* _GIVEN DATA_
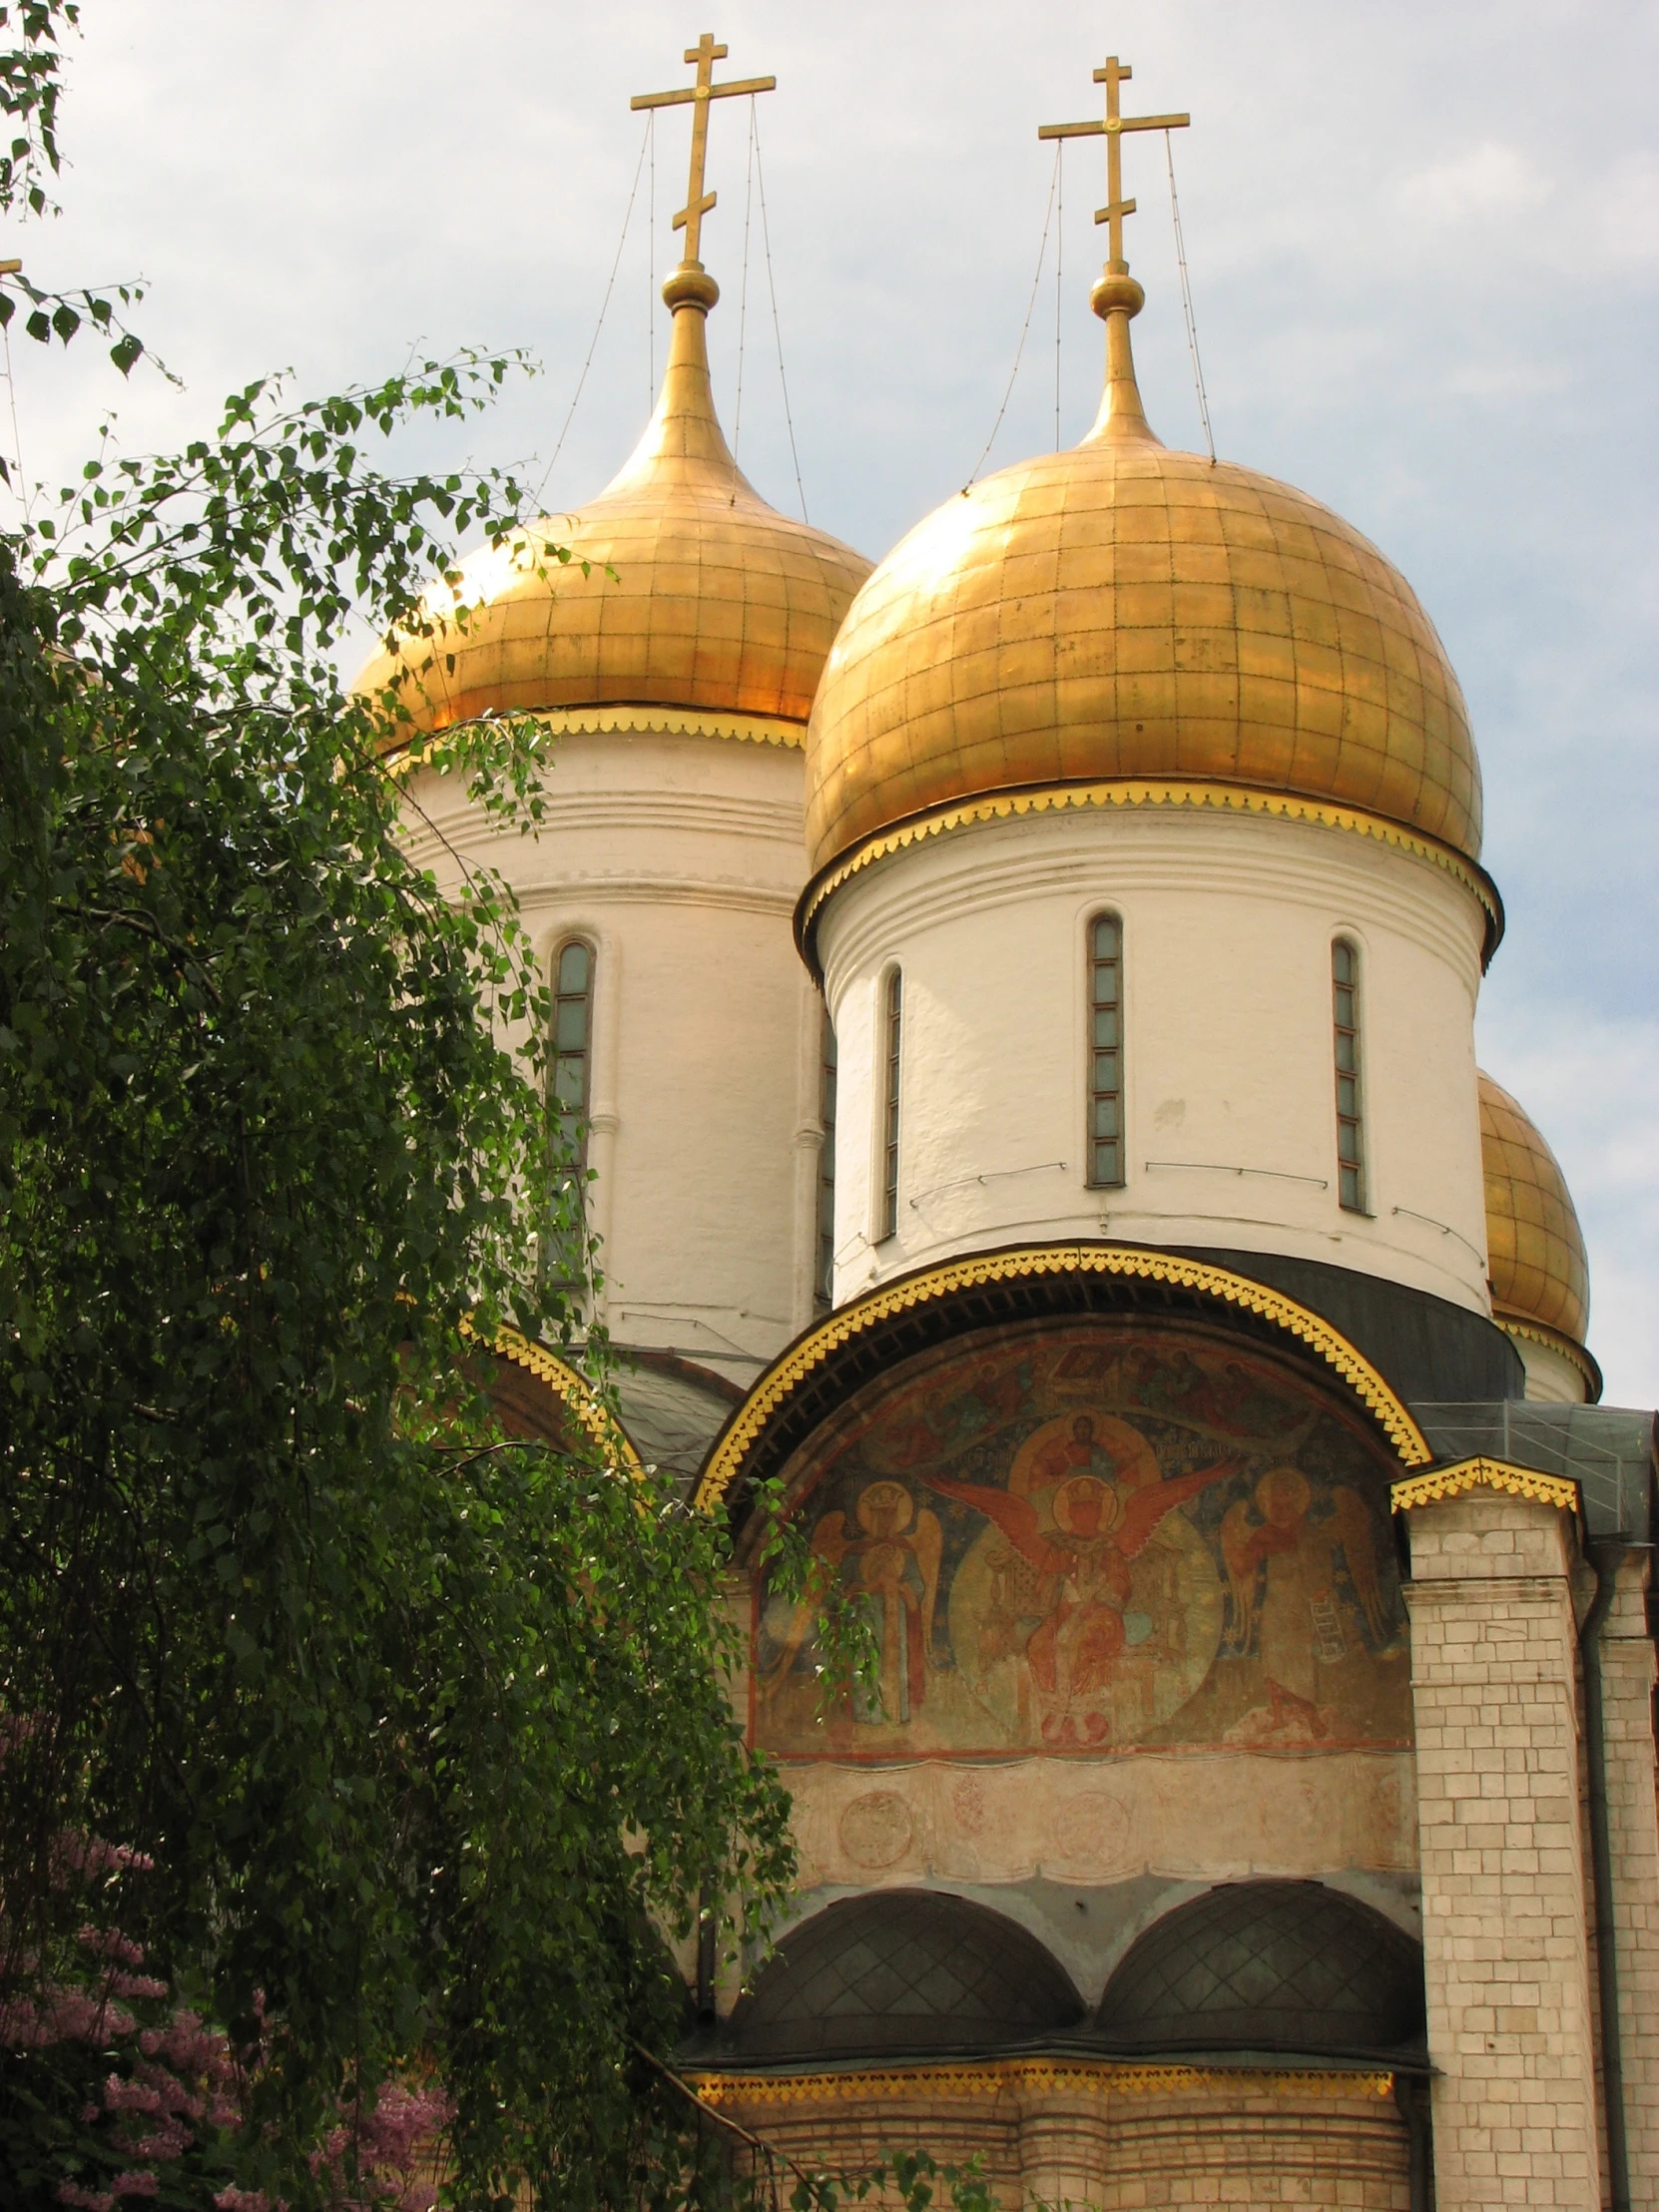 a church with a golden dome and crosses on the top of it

* * *

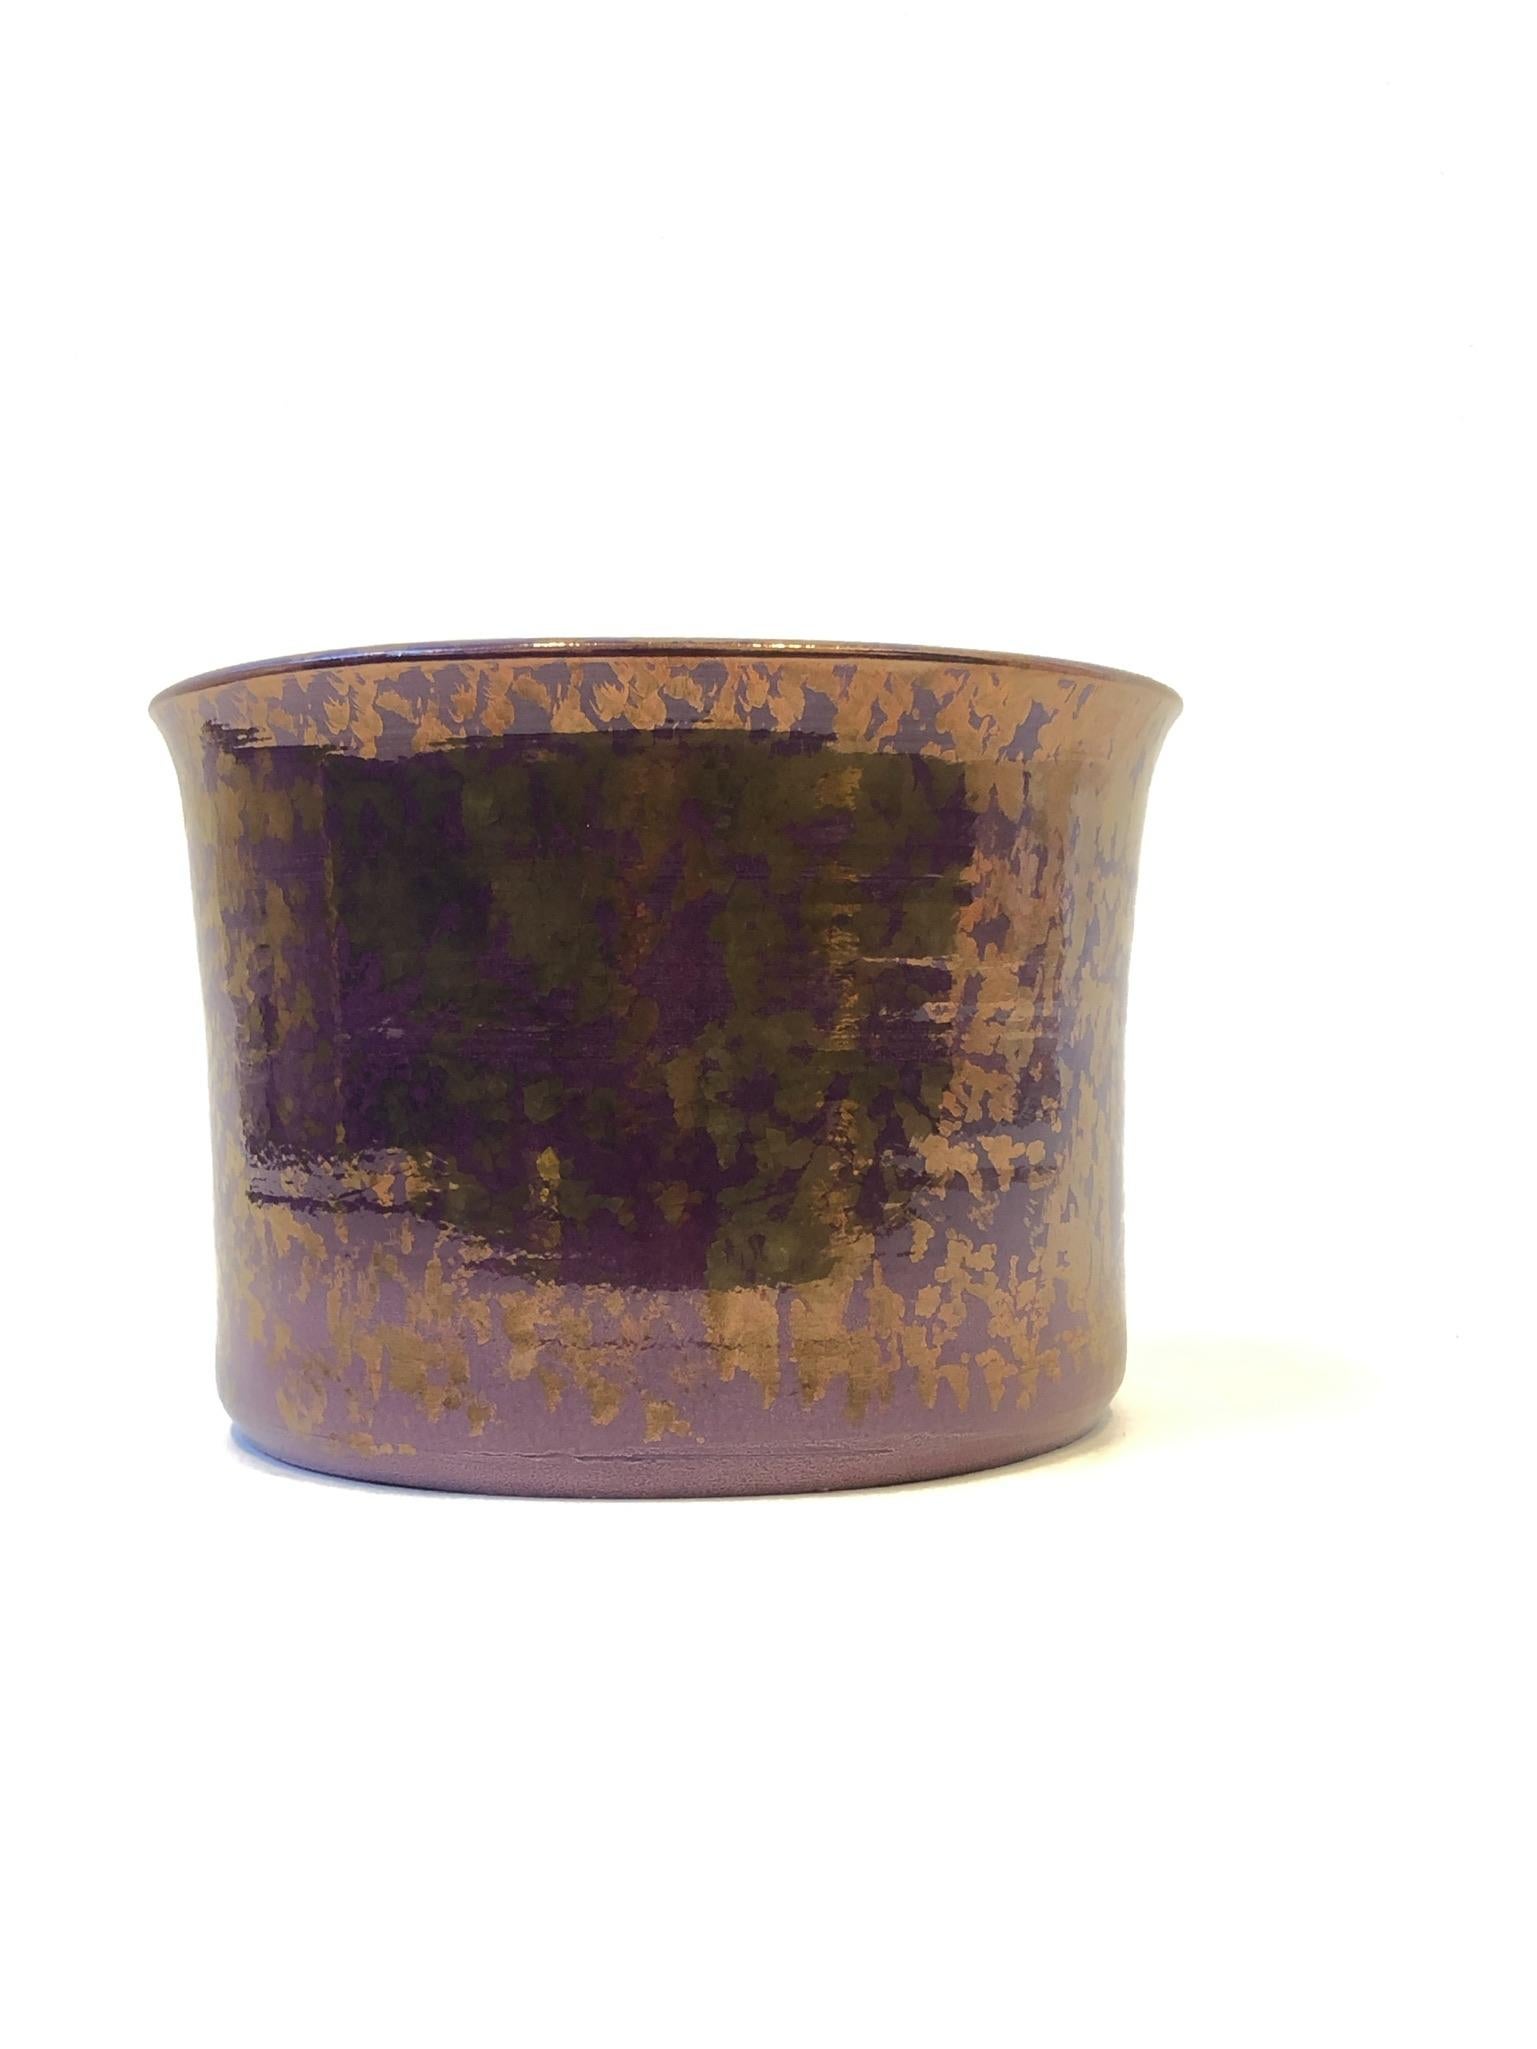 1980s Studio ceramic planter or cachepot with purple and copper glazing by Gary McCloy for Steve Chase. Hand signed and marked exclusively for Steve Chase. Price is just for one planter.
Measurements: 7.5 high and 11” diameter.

* _WHAT IS BEING ASKED_
Give back exactly, and solely, the section of the data above bounded by the line containing "1980s Studio ceramic" and the line containing "Measurements: 7.5 high", both bounding lines included and pictures omitted.

* _SOLUTION BELOW_
 1980s Studio ceramic planter or cachepot with purple and copper glazing by Gary McCloy for Steve Chase. Hand signed and marked exclusively for Steve Chase. Price is just for one planter.
Measurements: 7.5 high and 11” diameter.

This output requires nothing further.